New Ransomware Highlights Widespread Adoption of Golang Language By Cyberattackers


A new malicious software (ransomware) variant that leverages Golang has been released. It indicates that cybercriminals leverage GoLang (programming language) to execute their malicious actions.

CrowdStrike obtained a specimen of the new ransomware strain, which has not been named yet. This malicious software has the same features as FiveHands and DeathRansom/HelloKitty. These malicious software variants that are believed to have been in existence since 2019 have been associated with various attacks against enterprise organizations, CD Projekt Red, and the developer of Cyberpunk 2077.

The identified specimen indicates the same functions to FiveHands and HelloKitty and has its elements written in C++ language. Further, it also matches the two variants in how the malware executes file encryption and secures command-line disputes. Similar to FiveHands, the new malicious software utilizes a practicable packer and leverages a value key to decodes its malware payload to create a memory.

It also uses the command line reversal “-key.” According to experts from CrowdStrike: “This method of using a memory-only dropper prevents security solutions from detecting the final payload without the unique key used to execute the packer.” Still, unlike FiveHands and HelloKitty, the new ransomware variant relies on a Go-based packer that encrypts its C++ malicious software payload.

Intezer, a network security organization, notes that not many malicious software used Go before 2019. However, today the programming language is fast becoming a favored option because it makes code compilation for multiple platforms easy and fast. Further, reverse-engineering under this programming language is nearly impossible.

Specimen rates have risen by nearly 2,000% in recent years. Crowdstrike’s specimen utilizes the most recent Golang v.1.16 version, launched in February 2021. CrowdStrike experts say:

“Although Golang-written malware and packers are not new, compiling it with the latest Golang makes it challenging to debug for malware researchers. That’s because all necessary libraries are statically linked and included in the compiler binary, and the function name recovery is difficult.”

Apart from using Go, the specimen comprises distinctive malicious software functions, including the power to encrypt disks and files before demanding paymentto releasef a decoding key. The payment demand note leads victims towards a Tor address to launch a direct chat with the malicious software’s dealers while claiming to have seized more than 1TB of their personal data.

Often, such threats could suggest that the developers could be trying to execute double extortion. Should the victim fail to pay, they are scared of leaking their personal information. Recently, BlackBerry’s threat analysis department published a report on a new malicious software dubbed Chachi.

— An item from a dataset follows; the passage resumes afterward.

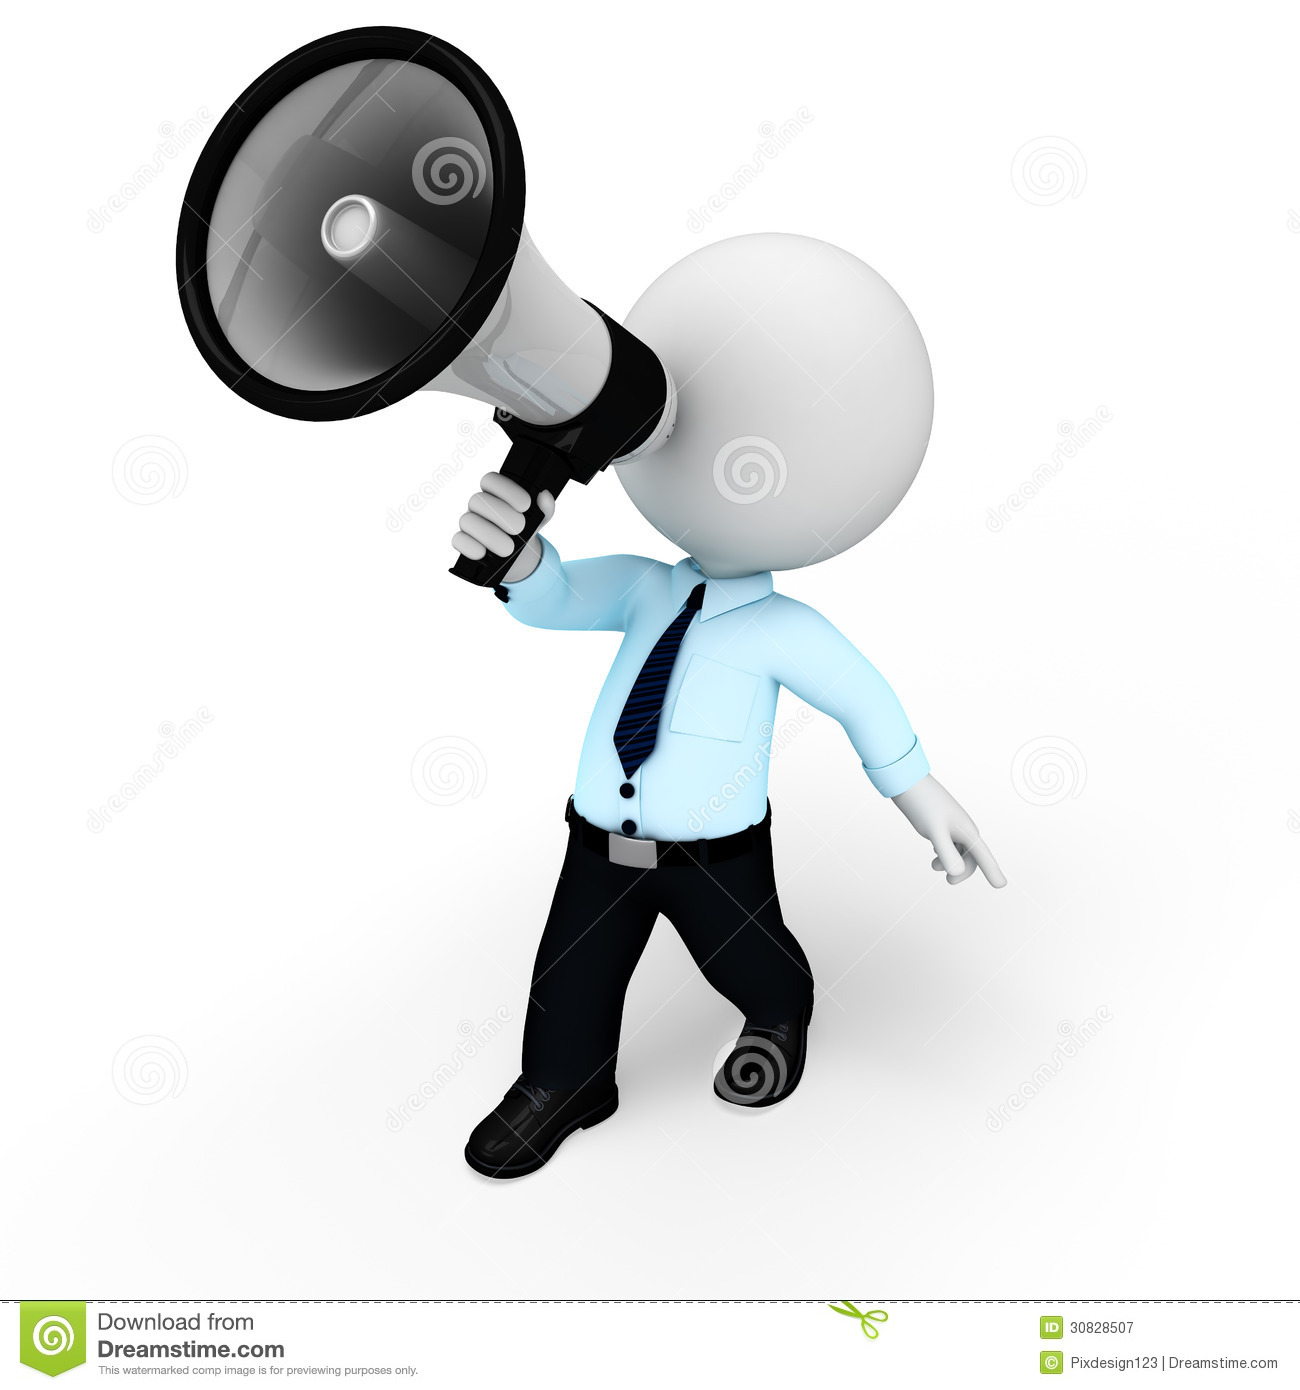       3d White People As Service Man With Loud Speaker  Image  30828507

In the report, the team said that the new ransomware was written in the GoLang programming language.  Chachi was first identified during the beginning of 2020, and the initial strain of the RAT (Remote Access Trojan) and has been utilized in intruding French government institutions, with the most recent attack being on the US education department. BlackBerry experts noted that: “As this is such a new phenomenon, many-core tools to the analysis process are still catching up. This can make Go a more challenging language to analyze.”

Unlike the first strain of ChaChi, which had poor capabilities and execution, the new malicious software can now execute classic RAT activities like data exfiltration and backdoor generation, and dumping of credentials through the LSASS (windows local security authority subsystem service), DNS tunneling, network inventory, service generation, lateral operation across networks, and SOCKS proxy performance. This malicious software also utilizes Golang to steal data.

Chachi derived its name from Chashell and Chisel, the two off-the-peg devices the malicious software leverages to execute attacks. The devices are customized for attack purposes. Chashell is a counter shell DNS contributor, while Chisel is a port-forwarding channel.

BlackBerry experts are confident that the malicious software is from PYSA/Mespinoza. This criminal group has been in existence since 2018, which is popularly known for lancing malicious software drives and utilizing extensions.